More than 40 proteins have been identified in the Drosophila Hippo pathway. Growth promoting proteins are depicted in red and growth repressors in blue. Many upstream regulatory proteins control activity of core kinase cassette proteins such as the Hippo kinase (Hpo), Salvador (Sav), Mob as tumour suppressor (Mats) and Warts (Wts). The Wts kinase represses tissue growth through phosphorylation-dependent inhibition of Yorkie (Yki). Some Hippo pathway proteins bypass the core kinase cassette and regulate Yki directly. When nuclear, Yki can activate different transcription factors to promote tissue growth. Other abbreviations: aPKC, atypical protein kinase C; App, approximated; Crb, Crumbs; D, Dachs; Dco, Discs overgrown; Dlg, Discs large; Ds, Dachsous; Ed, Echinoid; Ex, Expanded; Fj, Four-jointed; Ft, Fat; Hipk, Homeodomain-interacting protein kinase; Hth, Homothorax; Jub, Ajuba LIM protein; Lft, Lowfat; Lgl, Lethal giant larvae; Mad, Mothers against Decapentaplegic; Mask, Multiple Ankyrin repeats Single KH domain; Mer, Merlin; Mnb, Minibrain; Mop, Myopic; RASSF, Ras-association family; Riq, Riquiqui; Scrib, Scribble; Sd, Scalloped; STRIPAK, Striatin-interacting phosphatase and kinase; Tao-1, Thousand and one amino acid protein; Tgi, Tondu domain-containing Growth Inhibitor; Tsh, Teashirt; Wbp2, WW domain binding protein 2; Zyx, Zyxin. This figure was modified from an earlier publication (Harvey and Hariharan 2012).

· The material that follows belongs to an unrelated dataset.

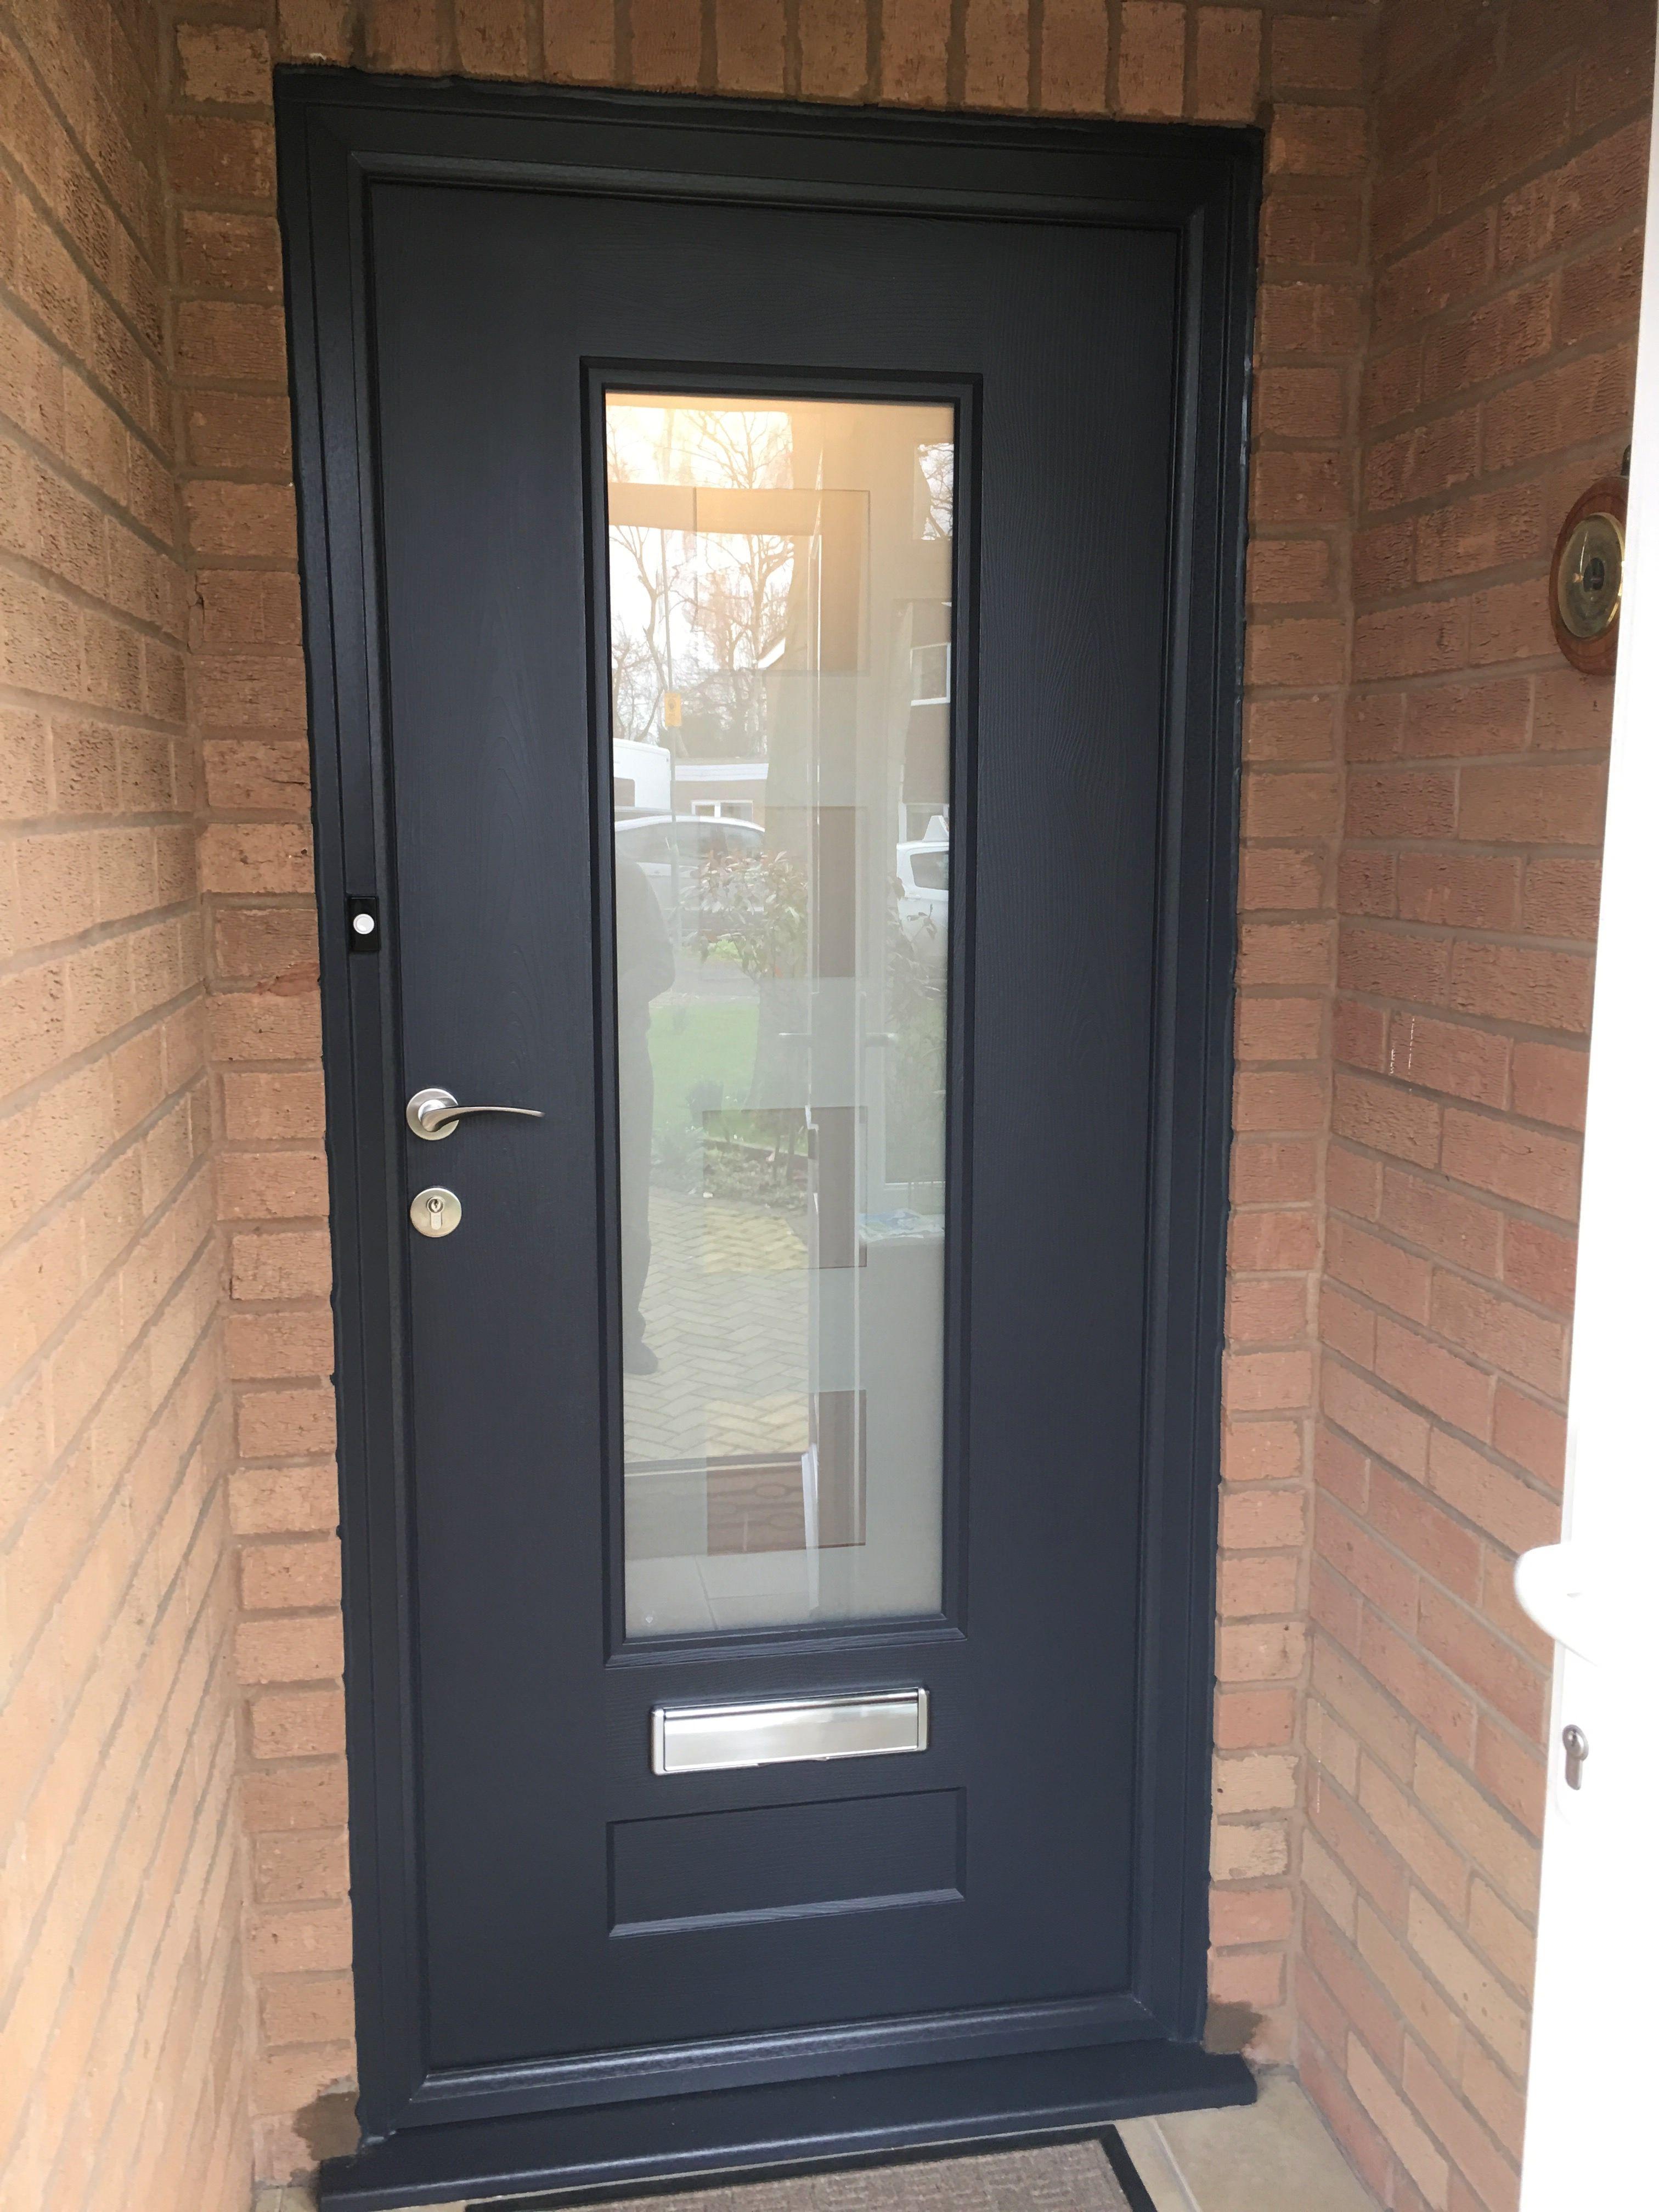 Rockdoor Vogue With Rose Handle In Anthracite Grey Http Verysecuredoors Co Uk Utm Content Buffere820d U Front Doors Uk Composite Front Door Front Door Styles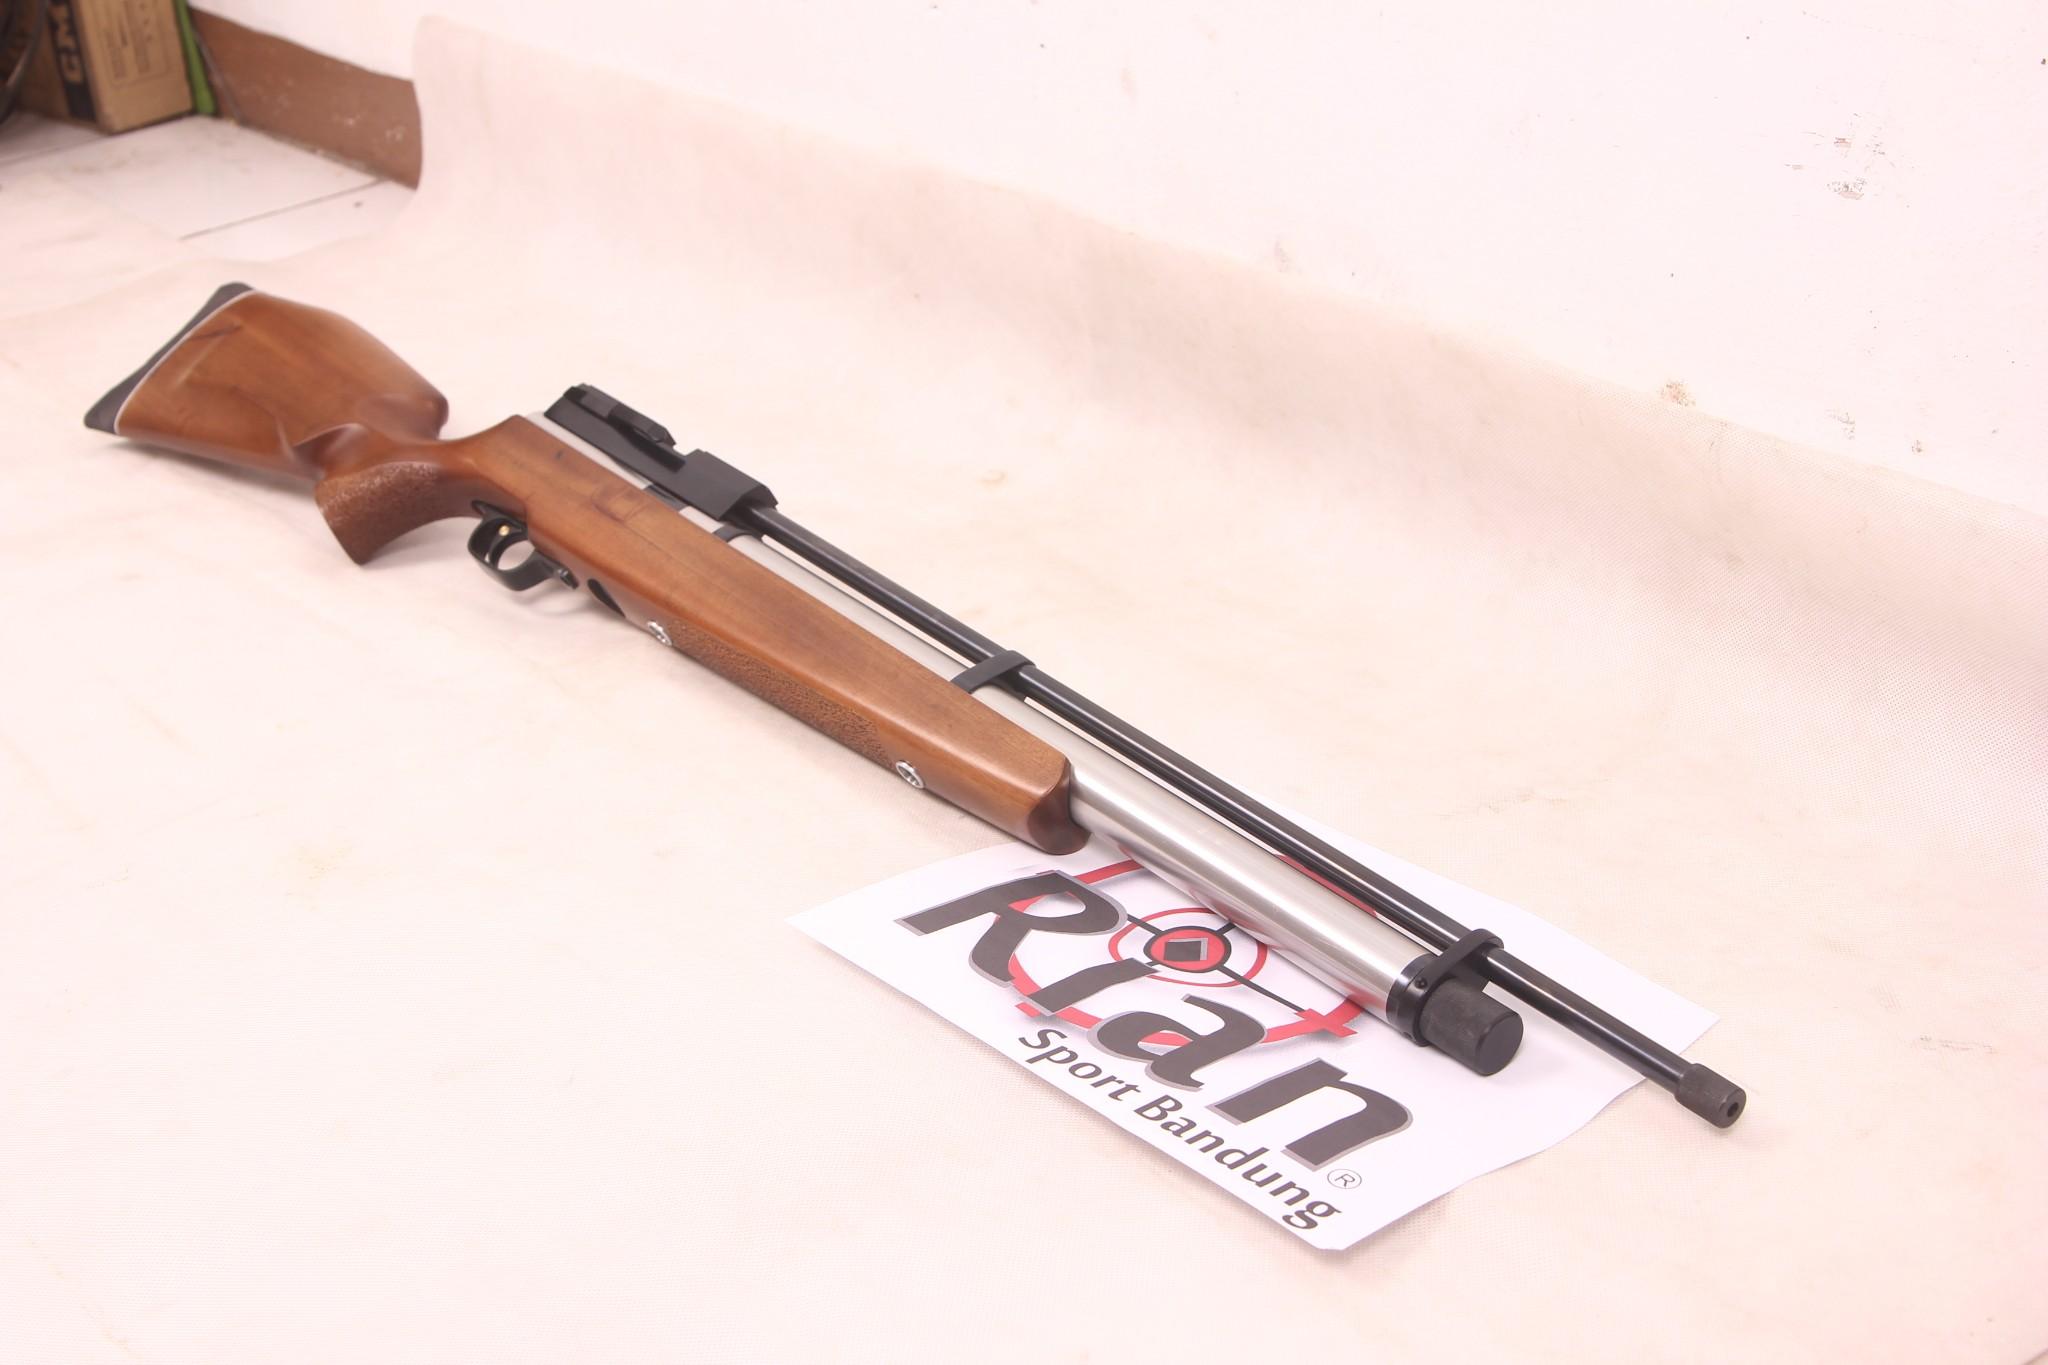 Senapan Angin Pcp Remington Senapan Angin Pcp

The Hippo pathway controls organ size by promoting cell growth and cell proliferation, and inhibiting apoptosis. Later studies also defined important roles for Hippo pathway components in both differentiation and morphogenesis. More than 40 proteins have been identified in both the Drosophila and human Hippo pathways (Fig. 2). For detailed reviews, see (Pan 2010; Halder and Johnson 2011; Zhao et al. 2011; Staley and Irvine 2012; Enderle and McNeill 2013; Harvey et al. 2013; Yu and Guan 2013). The pathway can be classified into three main parts: a central core kinase cassette, downstream transcriptional regulatory proteins and multiple upstream regulatory proteins. Core kinase cassette proteins are the kinases, Warts (Wts) and Hippo (Hpo), and the adaptor proteins, Salvador (Sav) and Mob as tumor suppressor (Mats). They act together to repress tissue growth by phosphorylating and repressing the key transcriptional co-activator Yorkie (Yki). Yki promotes tissue growth and survival in conjunction with several DNA-binding transcription factors, including Scalloped (Sd) Homothorax, and Mad. When not activated by Yki, Sd can act as a transcriptional repressor in conjunction with the Tondu-domain protein Tgi (Koontz et al. 2013).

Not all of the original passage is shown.